*ASSIGNMENT*
Extract the whole listing as it stands. Do not include the pictures.

*DATA EXCERPT*
━━━━━━━━━━━━━━━━
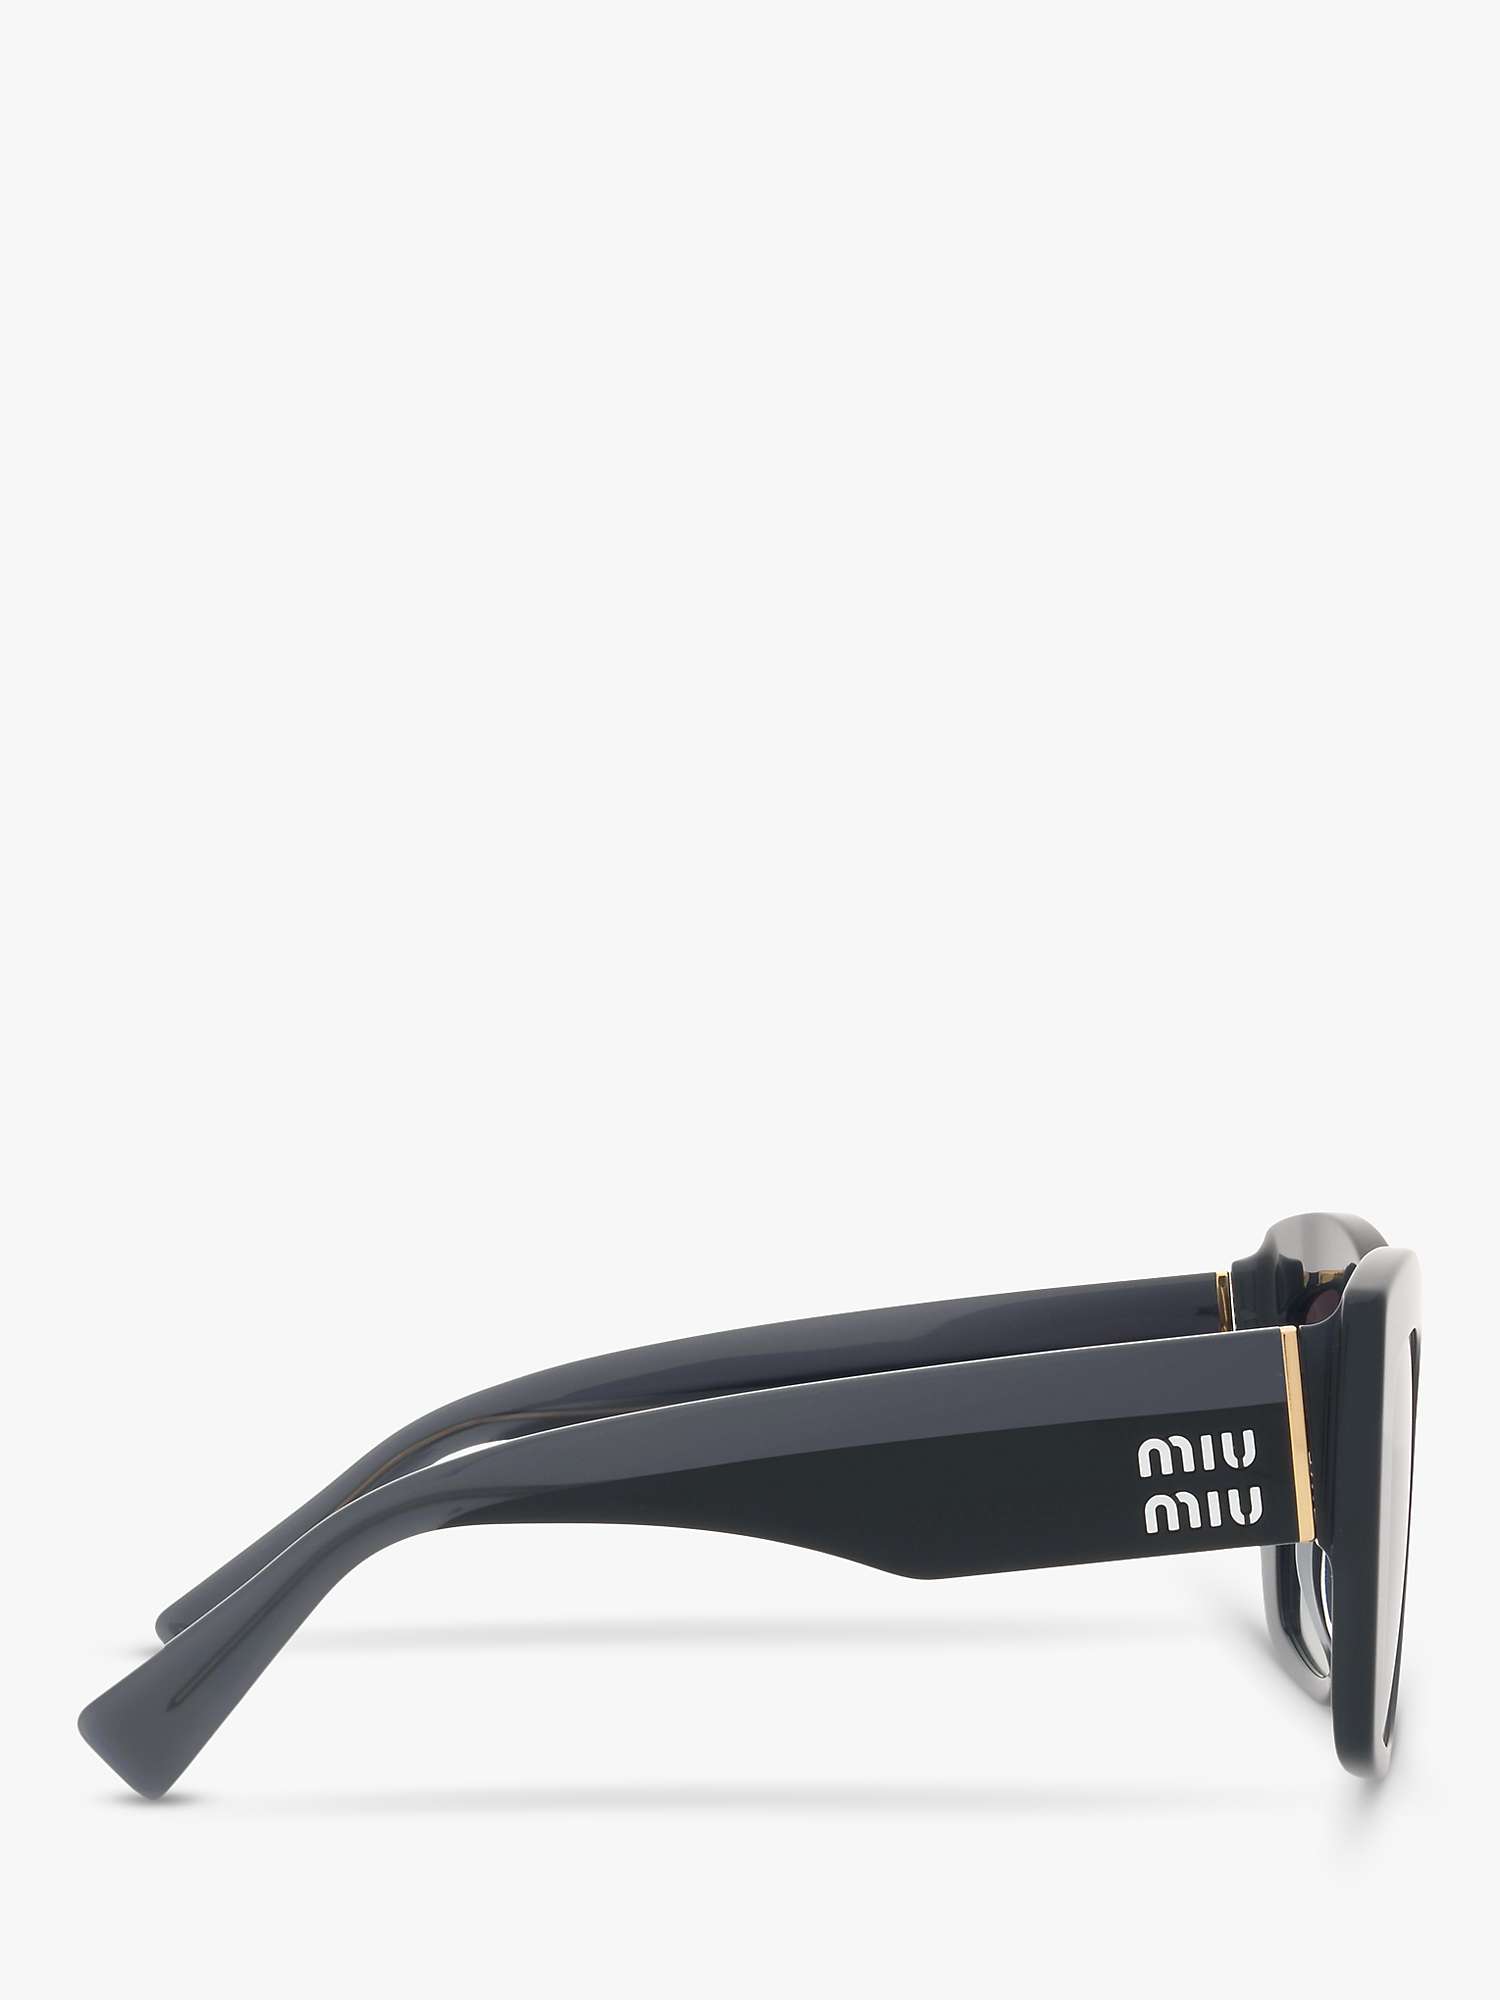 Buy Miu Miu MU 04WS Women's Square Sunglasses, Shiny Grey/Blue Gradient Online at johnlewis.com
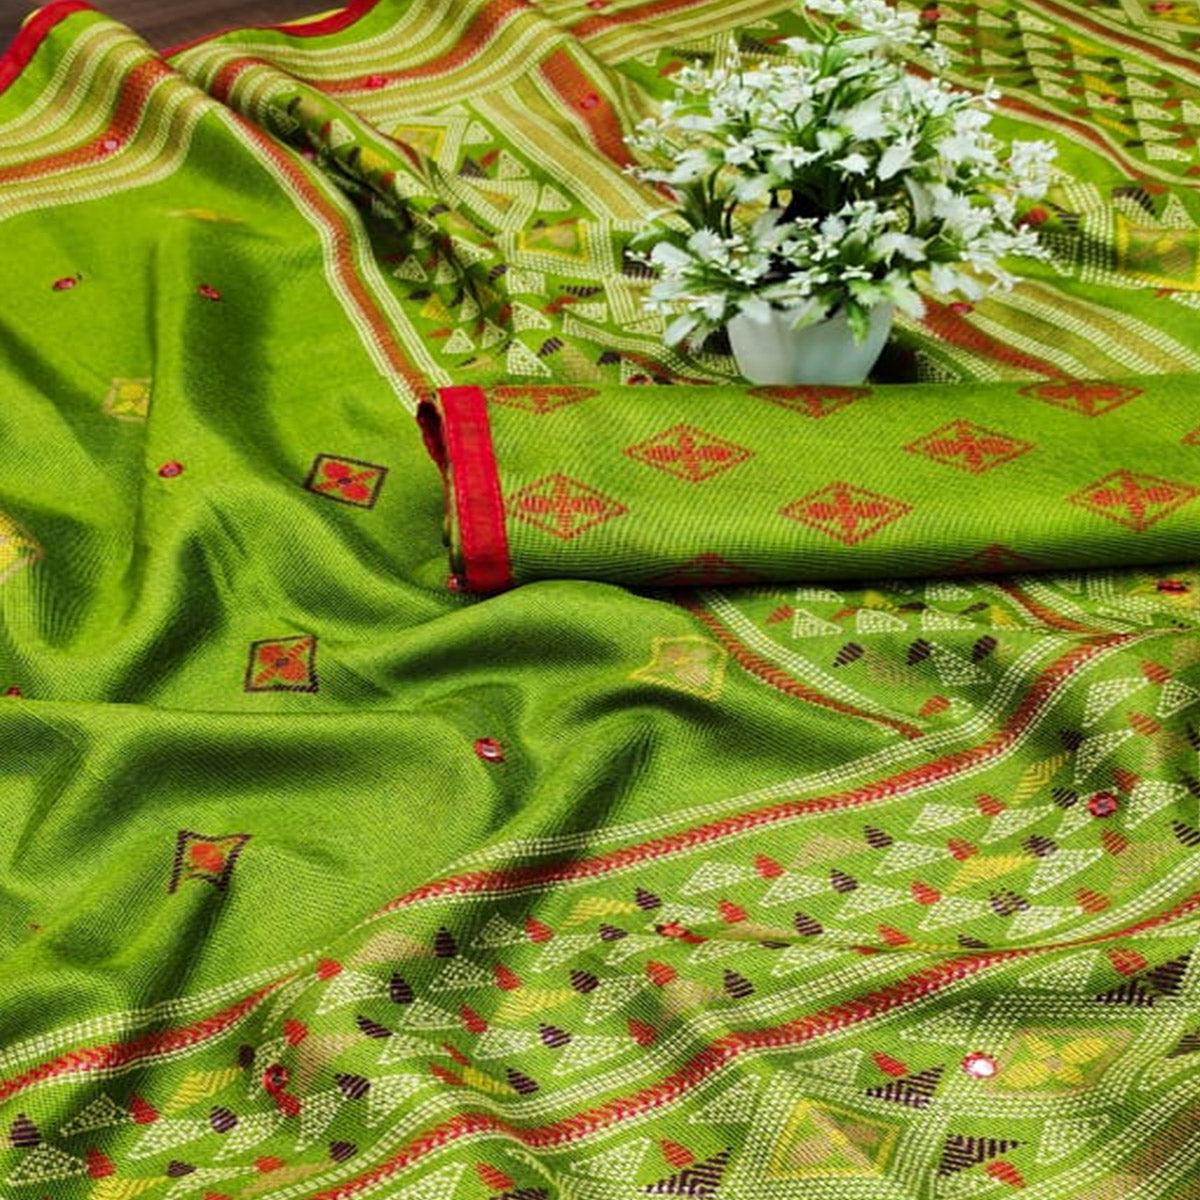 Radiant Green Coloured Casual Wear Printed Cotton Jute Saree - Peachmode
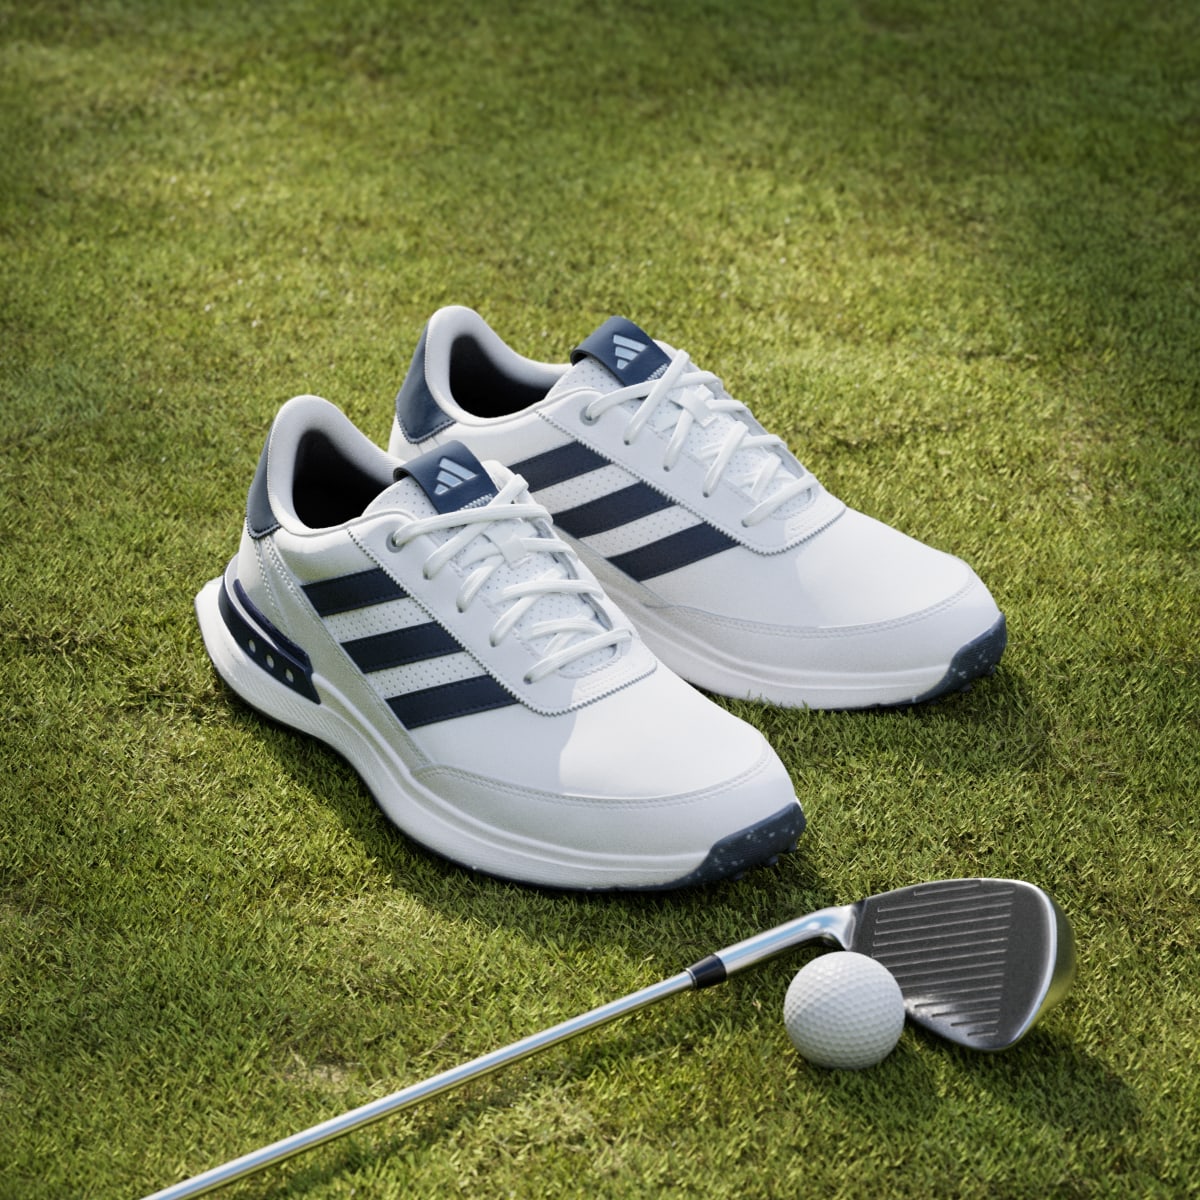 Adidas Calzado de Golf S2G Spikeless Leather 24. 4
━━━━━━━━━━━━━━━━
*RESULT*
 Buy Miu Miu MU 04WS Women's Square Sunglasses, Shiny Grey/Blue Gradient Online at johnlewis.com
 Radiant Green Coloured Casual Wear Printed Cotton Jute Saree - Peachmode
 Adidas Calzado de Golf S2G Spikeless Leather 24. 4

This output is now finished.